Footprint assessment increases the level of environmental awareness of the population and provides a baseline to measure the impact of future policies and technical measures to reduce consumption and its associated GHG emissions. The results of HEI carbon footprinting will increase environmental awareness in the student population, which could then spill over to the larger population. With this goal in mind, the number of HEI that calculate their CF is gradually increasing and this sector has been able to reduce its environmental impact while increasing its efficiency.

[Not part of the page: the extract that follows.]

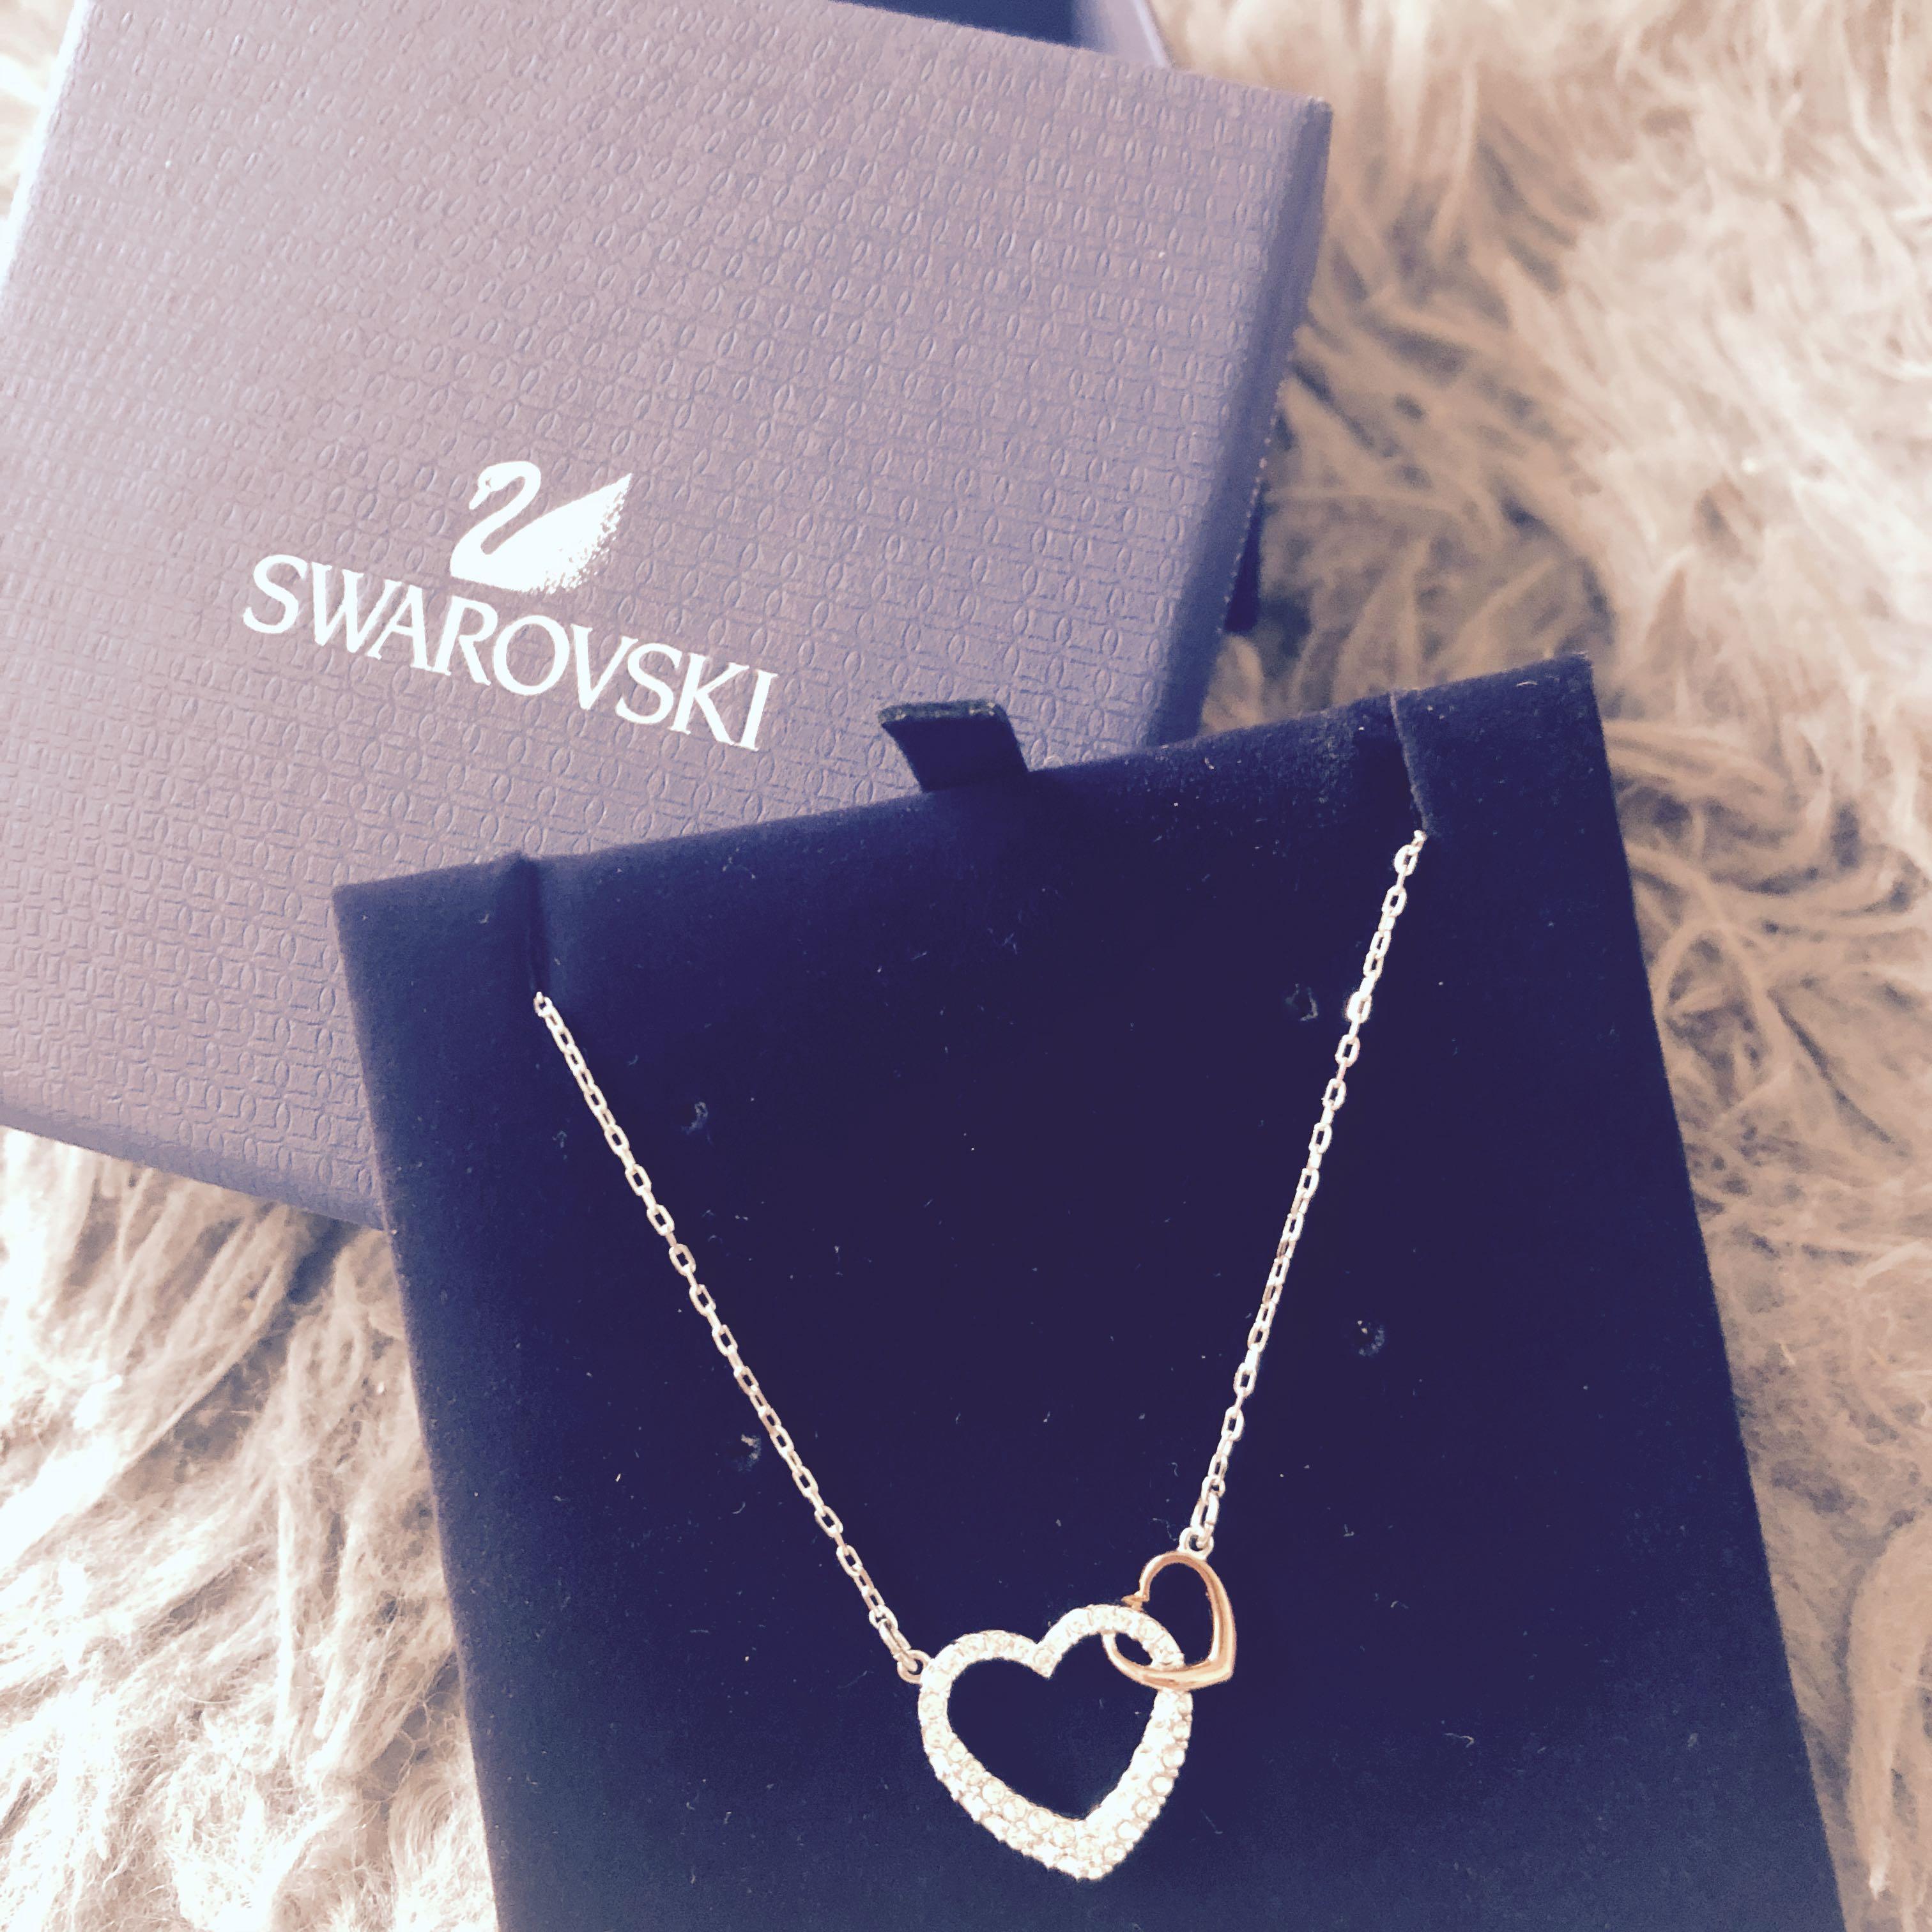 8b23f6922d0b2 Swarovski DEAR Necklace Small, Women's Fashion, Jewellery, Necklaces ...

This study conducted a global literature review focussed on carbon footprint analyses in the HEI sector and also pinpointed the main gaps in the literature. Although several standards have been developed in response to the need for transparency in reporting GHG emissions, there is no internationally accepted method for measuring, reporting and verifying offsets of GHG emissions from HEIs in a consistent and comparable way. Consequently, carbon footprint studies often yield widely divergent results and comparison of the CF of HEI is difficult. Indeed, even after normalising differences in the student population, the metric tons CO2-e per student varied between the HEI that were compared. This may be due to the time period considered, taking different methodologies or tools into account, the fact that each of them have incorporated different GHG emission sources in their scopes or have used different methods to obtain activity data, and even due to the use of specific/generic emission factors for each source. In addition, the application of action plans and offsetting projects to compensate the CF can also contribute to the differences in the CF from one university to another.

Hence, this study illustrates the importance of developing comprehensive and consistent GHG inventories for HEI, listing the GHG emission sources included and the factor emissions considered so that HEI is not compared unfairly.

Moreover, the findings demonstrated the importance of taking the Scope 3 emissions into account when analysing the carbon footprints of HEIs, because carbon emissions related to Scopes 2 and 3 correspond to the major portion of total emissions of the sector. For example, emissions associated with commuting by employees and students are often considered a significant carbon emitter, but are not always included as they are optional.

Therefore, after this review, it can be concluded that there are no standardised criteria for reporting the GHG emissions of universities or higher education centres, mainly with regard to aspects related to organisational boundaries for scope 3 emissions and emission factors. The absence of common criteria results in inventories that, apart from problems of comparability, do not indicate clearly the possible opportunities for mitigation actions.

For this reason, and as a futures research proposal, it is necessary to develop methodologies and a simplified tool for calculating the carbon footprint of HEI. The goal is to obtain results that can be compared with other universities and that all opportunities for reducing emissions can be identified and considered.